Fifty Shades Darker (R) Let’s see, Christian Grey (Jamie Dornan) is still a creep, there’s still no chemistry between Dornan and Dakota Johnson, the sex scenes are still interminable, the back-and-forth negotiation about relationship boundaries is still even more so, and none of this is in any way dramatically effective yet. So, everything’s pretty much the same from Fifty Shades of Grey. Like the book it’s based on, this is soft-core porn, and it’s not even any good as that. Also with Eric Johnson, Eloise Mumford, Bella Heathcote, Rita Ora, Luke Grimes, Victor Rasuk, Max Martini, Marcia Gay Harden, and Kim Basinger.

Fist Fight (R) Oh, great, here’s 91 minutes of Charlie Day stuttering and dithering and bugging out his eyes. Somebody shoot me. Day stars in this depressing comedy as a milquetoasty English teacher who gets challenged to a bare-knuckle brawl by an enraged former fellow teacher (Ice Cube) on the last day of school. Day is sheer torture to be around as he spends an entire day trying to get out of the fight, but almost as painful is this movie’s depiction of the other teachers as slackers, psychopaths, drug addicts, and idiots. This movie will make you want to punch something, all right. Also with Christina Hendricks, Jillian Bell, Kumail Nanjiani, Dean Norris, Joanna Garcia Swisher, Dennis Haysbert, and Tracy Morgan.

Get Out (R) An early candidate for one of the best movies of 2017, this darkly funny horror film stars Daniel Kaluuya (Sicario) as a young African-American man who travels with his white girlfriend (Allison Williams) to meet her parents, only to find that black people never seem to leave the family’s gated community. In his directing debut, comedian Jordan Peele scores direct hits on white liberal racism in the Northeastern enclave where the movie’s set, and he knows how to scare us through the accretion of creepy detail. He’s aided by terrific performances from his cast, and fans of TV’s Girls will definitely see Williams in a new light. Horror movies haven’t historically been a haven for black filmmakers. Here’s one good enough to start a tradition.
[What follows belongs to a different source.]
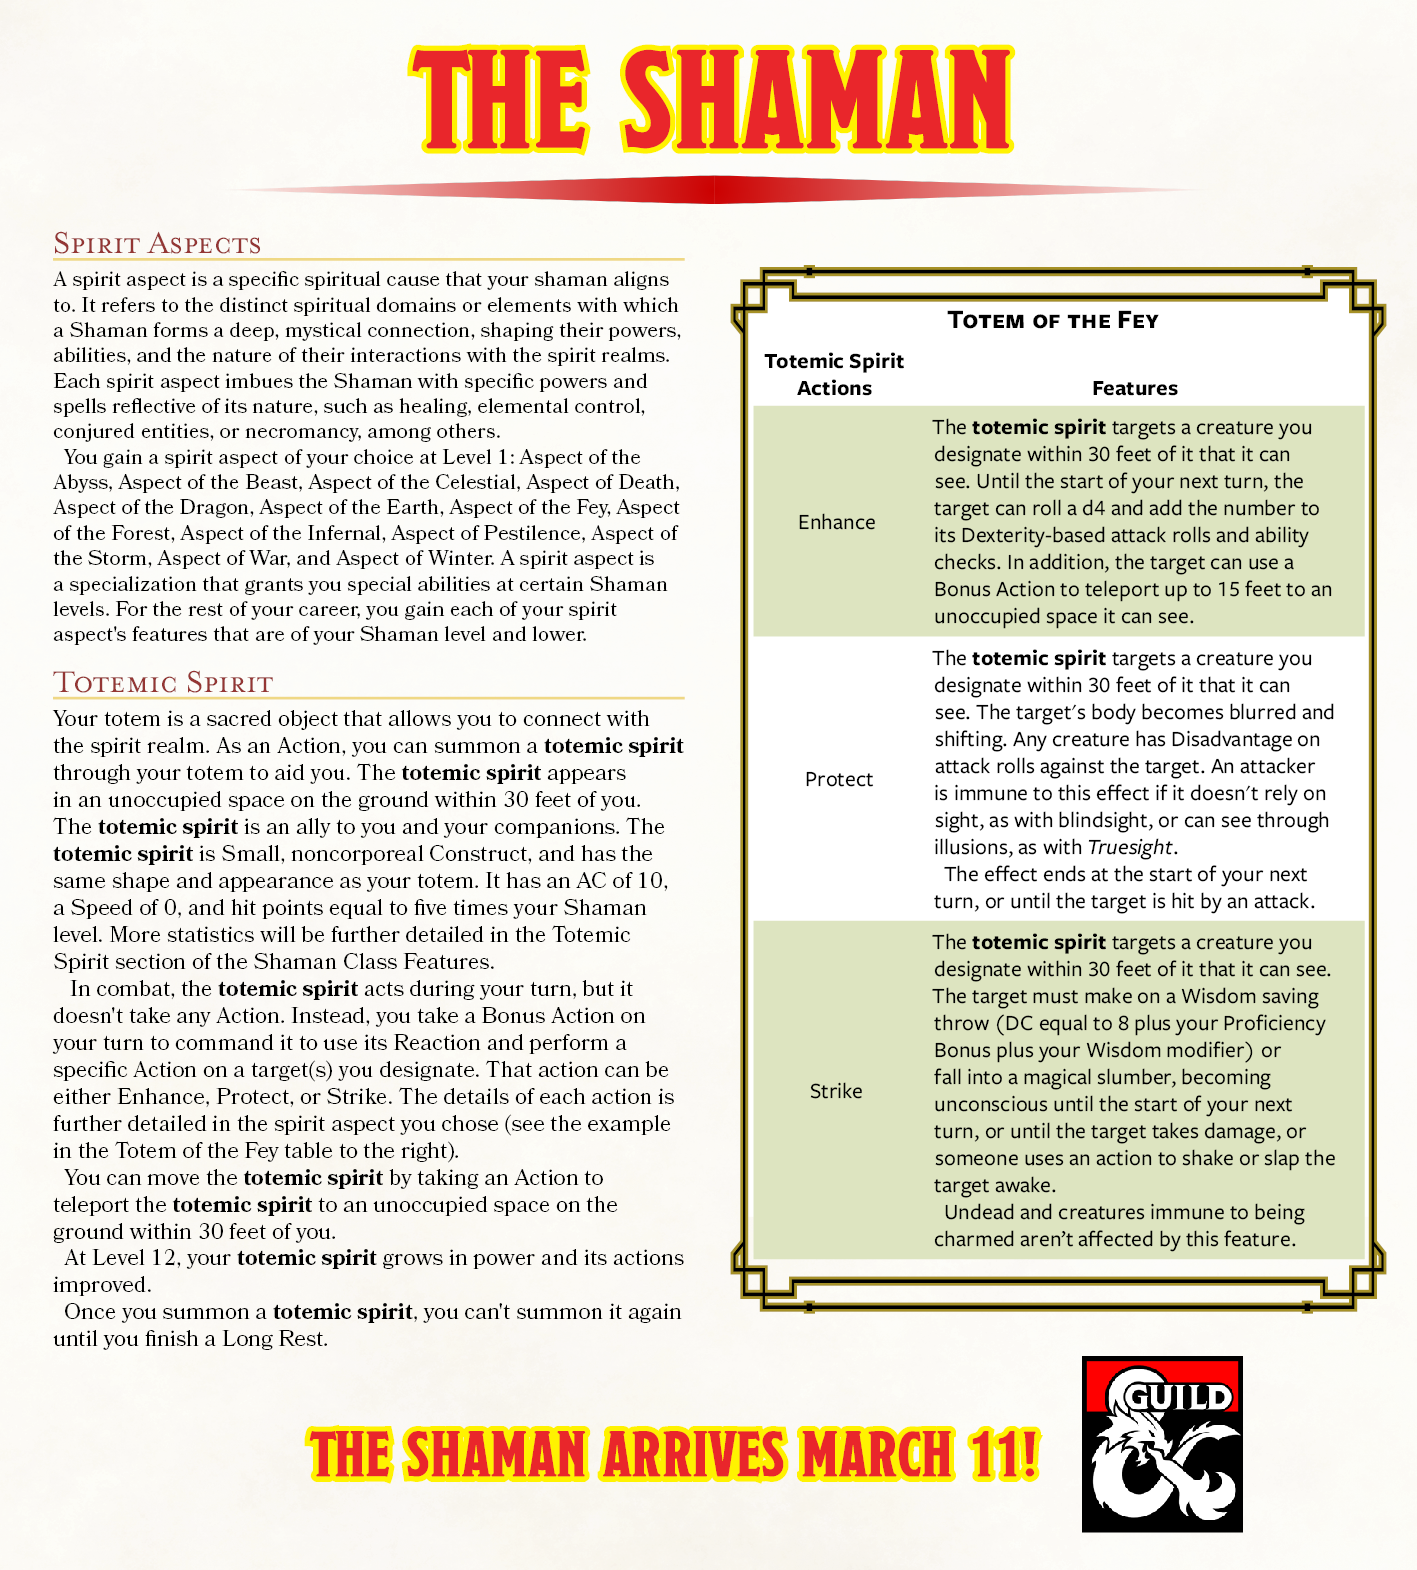 Preview Shaman V3.00.png

Also with Keith Stanfield, Bradley Whitford, Catherine Keener, Caleb Landry Jones, Lil Rel Howery, Betty Gabriel, Marcus Henderson, Erika Alexander, and Stephen Root.

The Great Wall (PG-13) In the end, Matt Damon is just window dressing designed to get white people to see this mediocre Chinese creature feature set in medieval times. He plays a European mercenary who winds up fighting for China in a battle against an army of giant flesh-eating lizard monsters who attack the Great Wall. Damon may be the main character here, but he’s mainly there to be outsmarted, outfought, and outphilosophized by the Asian warriors around him. Maybe that’s why he looks so bored with all of this; it’s hard to remember the last time he gave such a bad performance. Director Zhang Yimou (Hero) continues to decline artistically, seeming uncomfortable with the CGI monsters. Also with Andy Lau, Jing Tian, Zhang Hanyu, Han Lu, Kenny Lin, Eddie Peng, Pedro Pascal, and Willem Dafoe.

Hidden Figures (PG-13) Chalk up another incredible real-life story that gets reduced to a drearily conventional movie. Taraji P. Henson, Octavia Spencer, and Janelle Monáe portray three African-American mathematicians and scientists who worked at NASA in the 1960s, helping launch John Glenn into orbit. The movie is adapted from a book by Margot Lee Shetterly, whose father worked at the agency alongside those women. Director Ted Melfi (St. Vincent) seems at ease with the special-effects shots of rockets flying in space, but his script (co-written with Allison Schroeder) is all too boilerplate, including the romantic subplot involving Mahershala Ali as a National Guard colonel. The movie gets the small moments right but falls down in the big moments. The predictability of it all wastes some terrific actors here. Also with Kevin Costner, Jim Parsons, Aldis Hodge, Glen Powell, Olek Krupa, and Kirsten Dunst.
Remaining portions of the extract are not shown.